Cluster 4: Capacity Planning and Load
| Order | Concept | Type | Focus |
|---|---|---|---|
| 10 | Back-Pressure, Queuing Theory Basics, and Little's Law | PRIMARY | L = lambda * W, why utilization past 80% is a latency cliff, and what back-pressure actually sends upstream |
| 11 | Load Shedding, Rate Limiting, and Admission Control | PRIMARY | Token bucket, leaky bucket, concurrency limits, adaptive shedding, and the cost of work accepted but not served |
| 12 | Capacity Planning: Headroom, Peaks, and Growth Modeling | PRIMARY | Peak-to-mean ratios, headroom targets, growth extrapolation, and how to produce a defensible capacity number you do not need to apologize for |
Cluster mastery check: For a service with mean 200 req/s and peak 1,500 req/s, can you estimate Little's Law quantities, pick a rate-limit, set a headroom target, and produce a six-month capacity forecast from first principles?
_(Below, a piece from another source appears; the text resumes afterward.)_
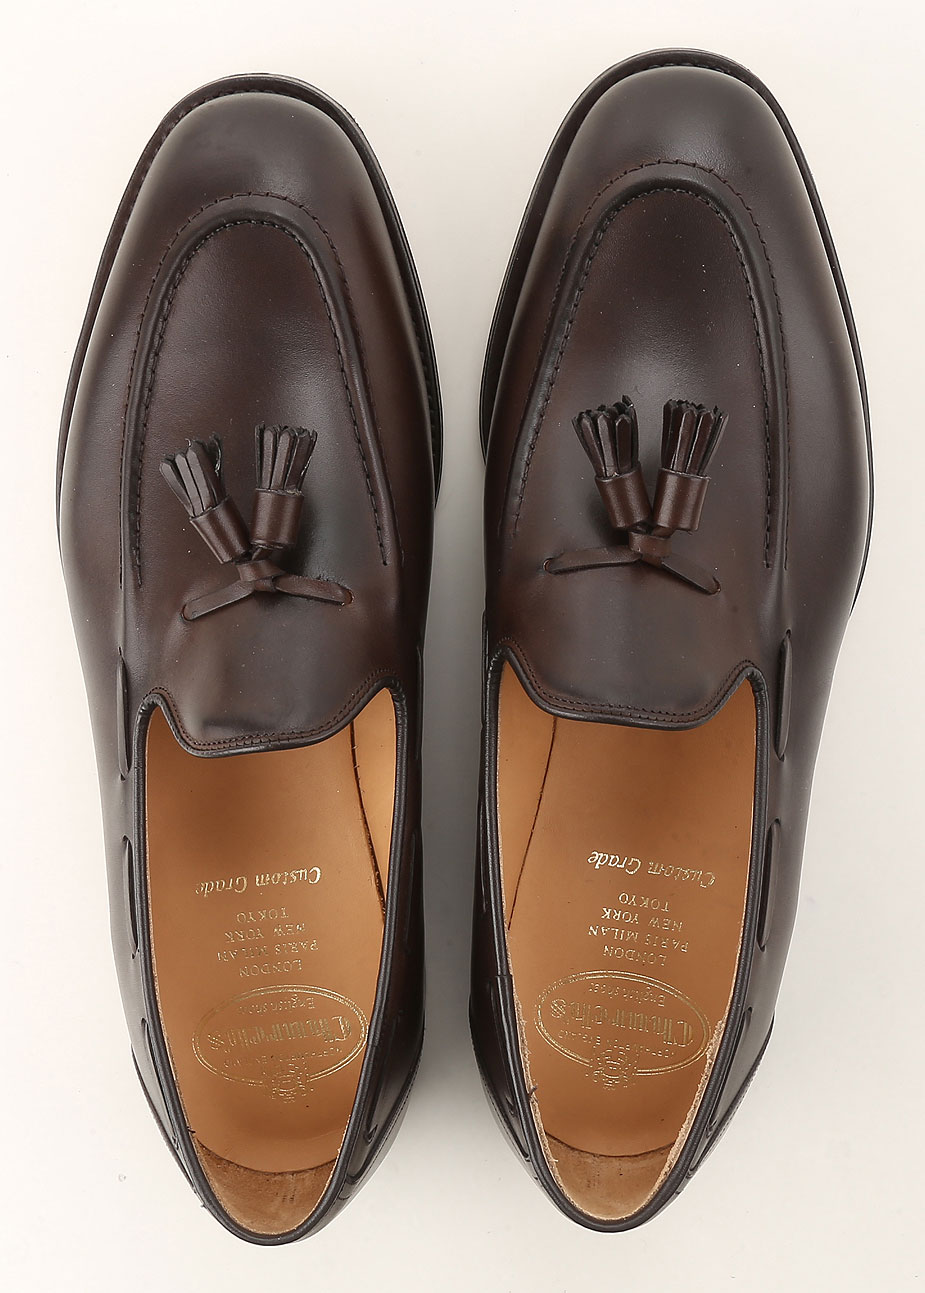 Mens Shoes Church's, Style code: kingsley-edb027-9xm

Cluster 5: Incident and Observability
| Order | Concept | Type | Focus |
|---|---|---|---|
| 13 | Observability Three Pillars: Metrics, Logs, Traces | PRIMARY | What each pillar is cheap at, what each is expensive at, the known-vs-unknown-unknowns framing, and why one pillar alone is not observability |
| 14 | Incident Lifecycle: Detect, Triage, Mitigate, Resolve, Review | PRIMARY | The five phases, the two clocks that matter (MTTD and MTTR), the Incident Commander role, and why "fix it before you understand it" is the right answer |
| 15 | Blameless Postmortems and Learning from Incidents | SUPPORTING | The postmortem template, the blameless contract, the difference between cause and contributing factor, and why the action-item list is where most postmortems fail |
Cluster mastery check: Given a one-hour partial outage traced to a slow dependency and a misconfigured timeout, can you walk through the full lifecycle from page to postmortem, and distinguish the actions that should block the review from those that should not?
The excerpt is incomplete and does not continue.